Government’s response ‘utterly hypocritical,’ says UN poverty expert
However, some have viewed the government’s rhetoric with cynicism. Philip Alston, the United Nations’ poverty expert, has attacked the UK’s coronavirus response as “utterly hypocritical.” Alston told the Guardian on Sunday 26 April that globally, “the most vulnerable have been short-changed or excluded” by official responses to the disease. Alston said that it was hypocritical of the UK government to “now abandon ‘austerity’ with such alacrity, after all the harm and misery caused to individuals and the fatal weakening of the community’s capacity to cope and respond over the past 10 years.”
Indeed, the NHS has been put under extreme pressure by inadequate levels of funding since 2010, when the Conservative government introduced drastic cuts to public funding of health and social care. Alston criticized these measures back in 2018, stating in his report that the Conservatives’ welfare policy has inflicted “great misery” on British people.
These are unprecedented times, and a crisis such as the COVID-19 pandemic is bound to push any health and social care system to its limits. However, it is clear that a decade of cuts to essential public services in the UK has put the country at a huge disadvantage.
A study by the Institute for Public Policy Research (IPPR) think-tank revealed that food banks, which give out at least 1.6m parcels a year, have lacked supplies during the crisis, while care homes, where thousands are reported to have died from the virus, have struggled to acquire essentials including PPE. Meanwhile, cuts to the NHS have led to an increase in waiting times, huge staffing shortages, and critical care capacity at lower levels than most European countries, according to a report by Politico, meaning the service was under immense strain even before the virus hit the UK.
The NHS is not a charity
In light of this systematic undermining of the national healthcare system, the fact that a pensioner has raised millions to provide the NHS with essential equipment during the crisis ought to be a source of shame for the government. There is bitter irony in the fact that ministers are now commending the public for propping up the very institution that previous governments have been under-funding for a decade.

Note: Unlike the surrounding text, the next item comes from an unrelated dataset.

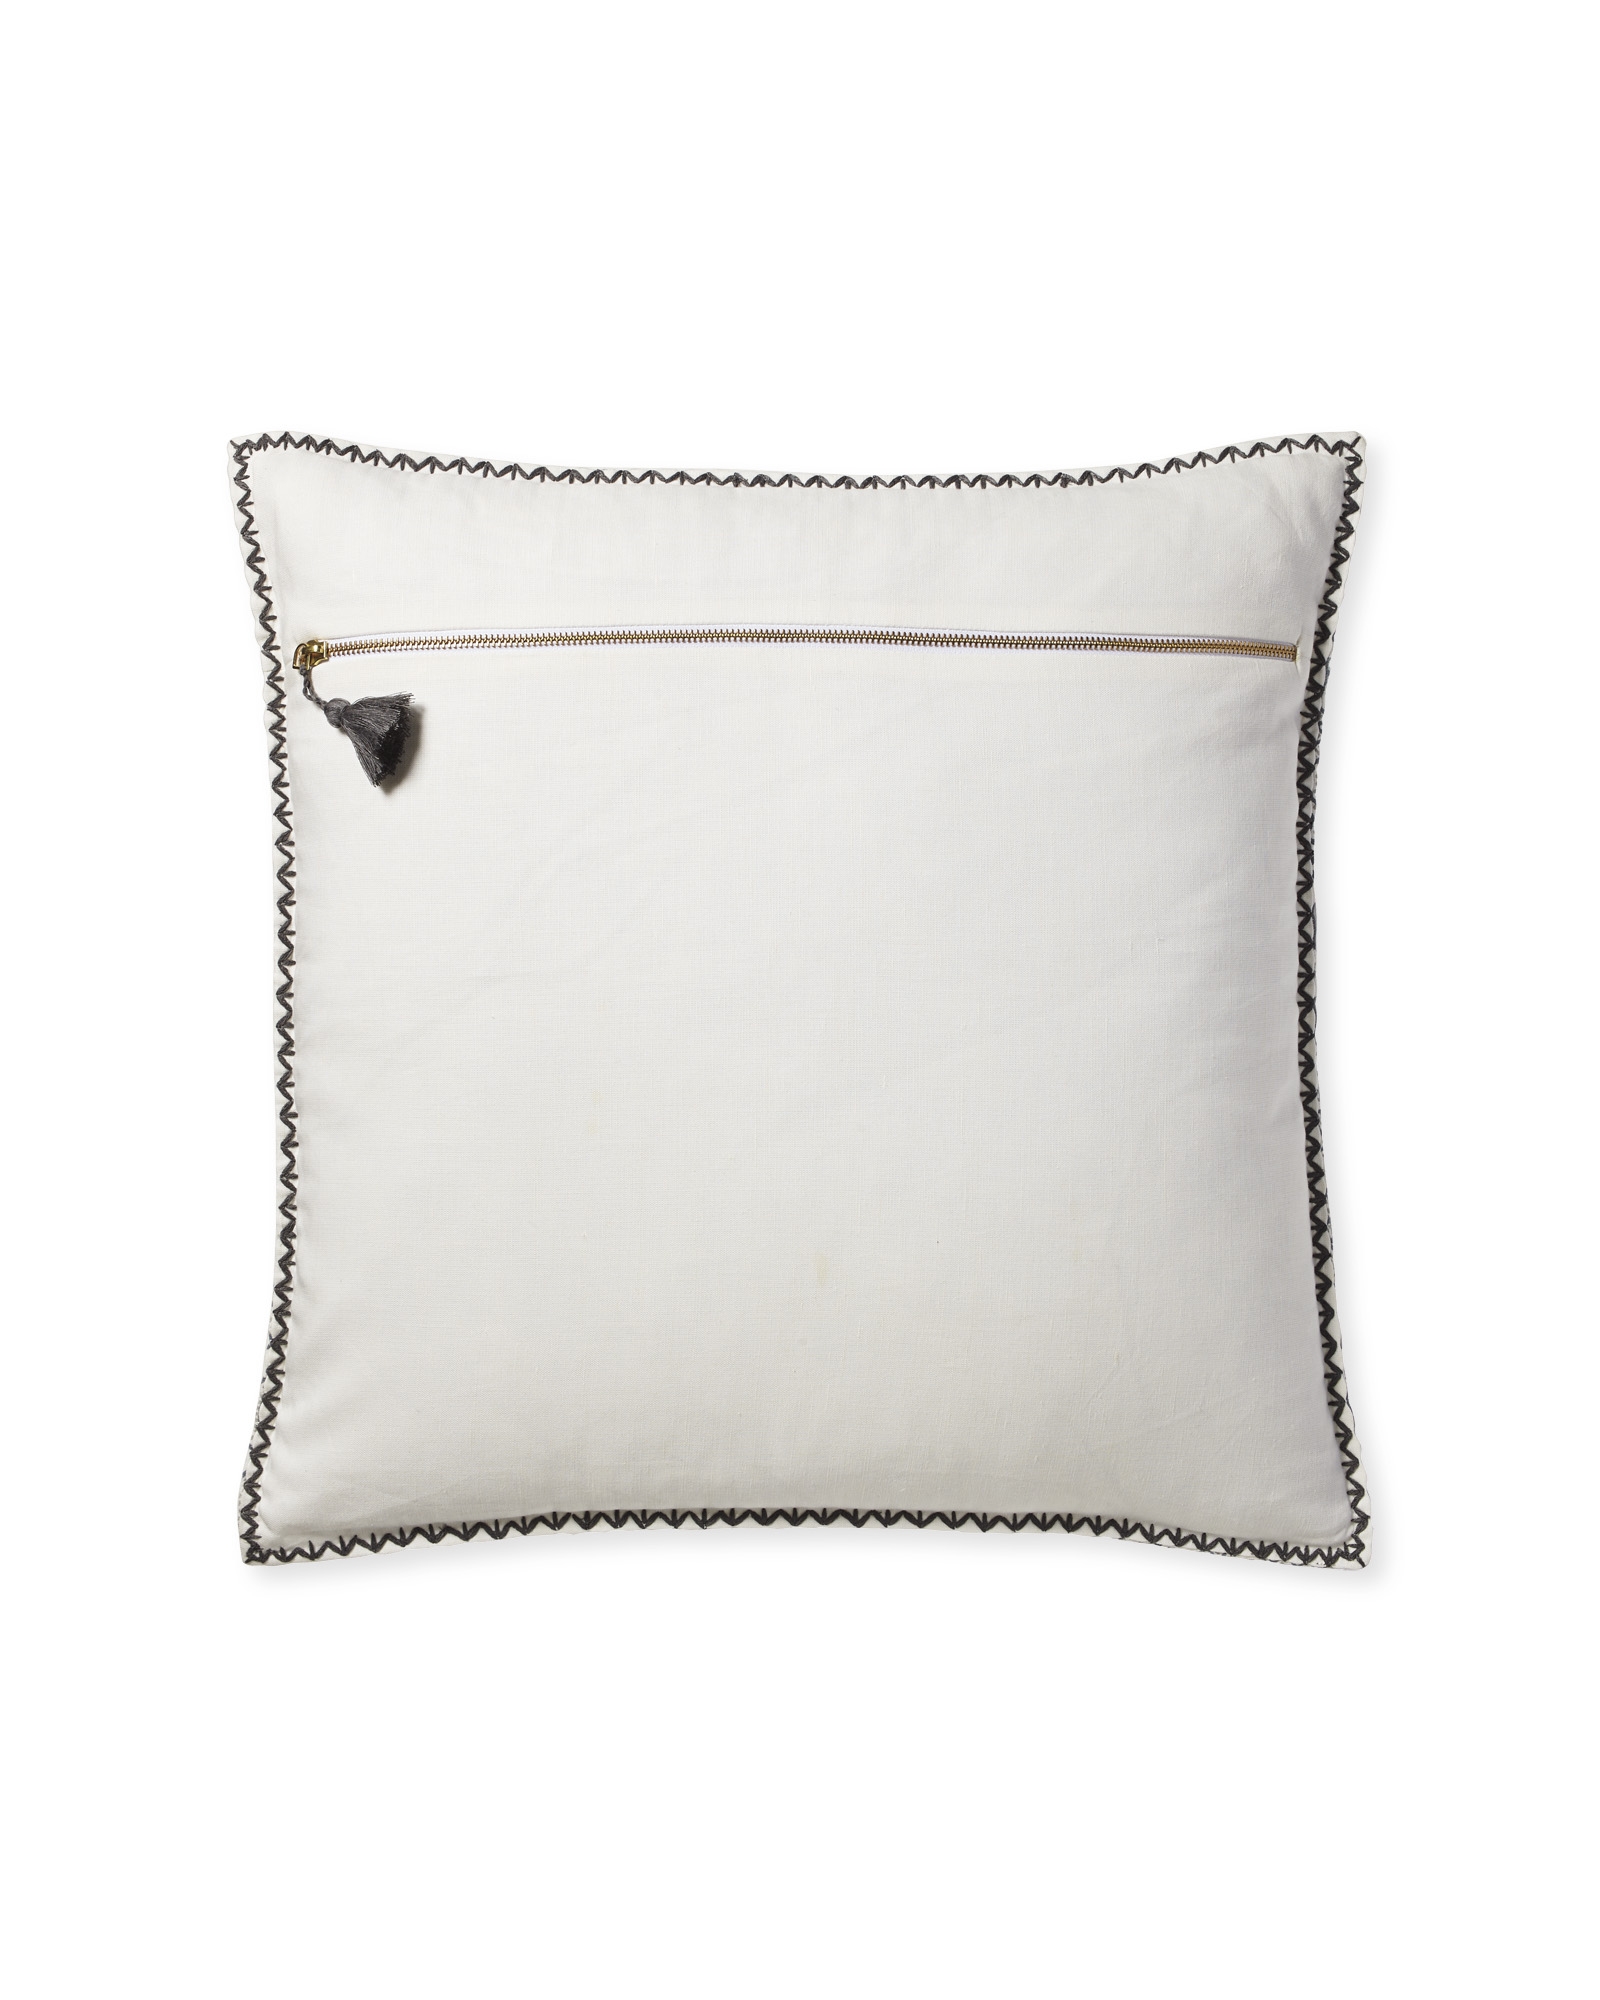 Jamesport 20" SQ Pillow Cover - Fog - Insert sold separately - Image 1

Charities are valuable in providing much-needed support to vulnerable people in society, but they should not be subsidizing areas which should be covered by the state. In one of the richest nations in the world, it is disgraceful that the most basic needs of society – the health and social care of its citizens – are struggling to be met due to funding cuts.

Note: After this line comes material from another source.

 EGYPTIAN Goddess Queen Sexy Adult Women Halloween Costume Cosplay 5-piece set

Now more than ever, it is important to remember that the NHS is not a charity. In fact, the service was put in place to counter the very notion of relying on donations and self-funded healthcare. Since it began operation in 1948, it has provided reassurance and guaranteed universal healthcare for every member of society.

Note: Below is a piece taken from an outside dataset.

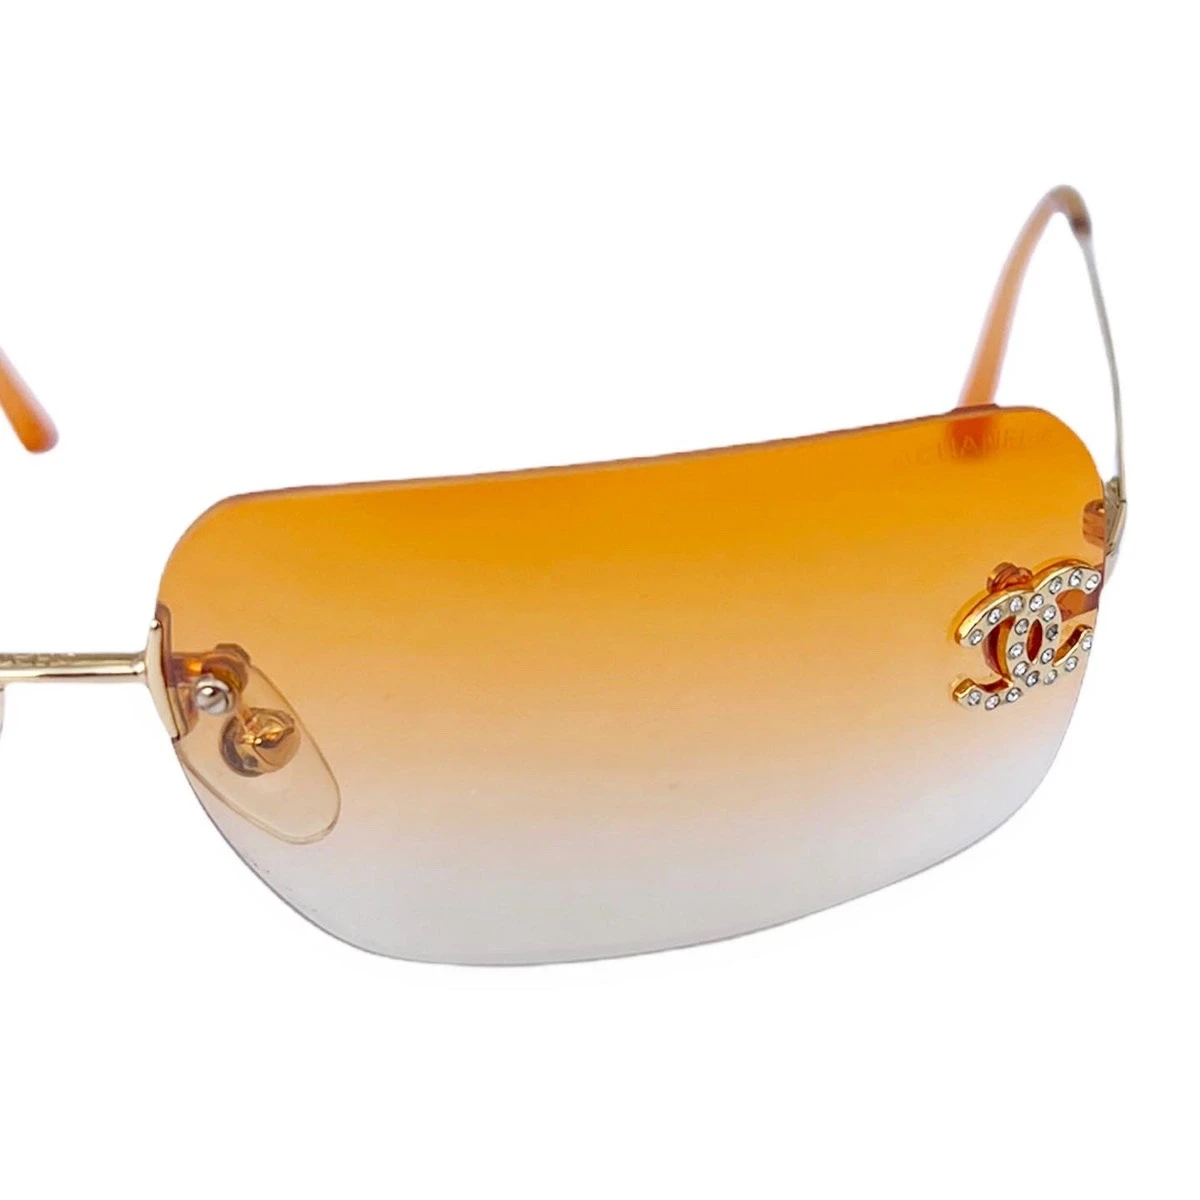 Chanel Chanel Rhinestone Gold Orange Tinted Sunglasses 4017-D

This crisis has starkly shown the extent to which Britain relies on the NHS, despite its flaws. The healthcare workers who are putting their lives on the line to treat patients deserve a public inquiry into the government’s mismanagement of the crisis, which could have led to avoidable deaths. An inquiry will be the first step, but after the crisis there needs to be an overhaul of the government’s approach to the health and welfare system of the UK. It is crucial that the British people hold the government to account, not just for their response to the virus, but for the systematic undermining of the NHS over the past decade.
It is inspiring to see millions across the country applauding each week to show their gratitude to key workers. However, the NHS cannot survive on applause and donations alone. In the words of its founder, “The NHS will last as long as there are folk with the faith to fight for it.” Looking ahead, Britain must stand resolute in the face of any threat to the health system that, at its core, represents the key principles of care and compassion that have come to define the public’s response to the pandemic.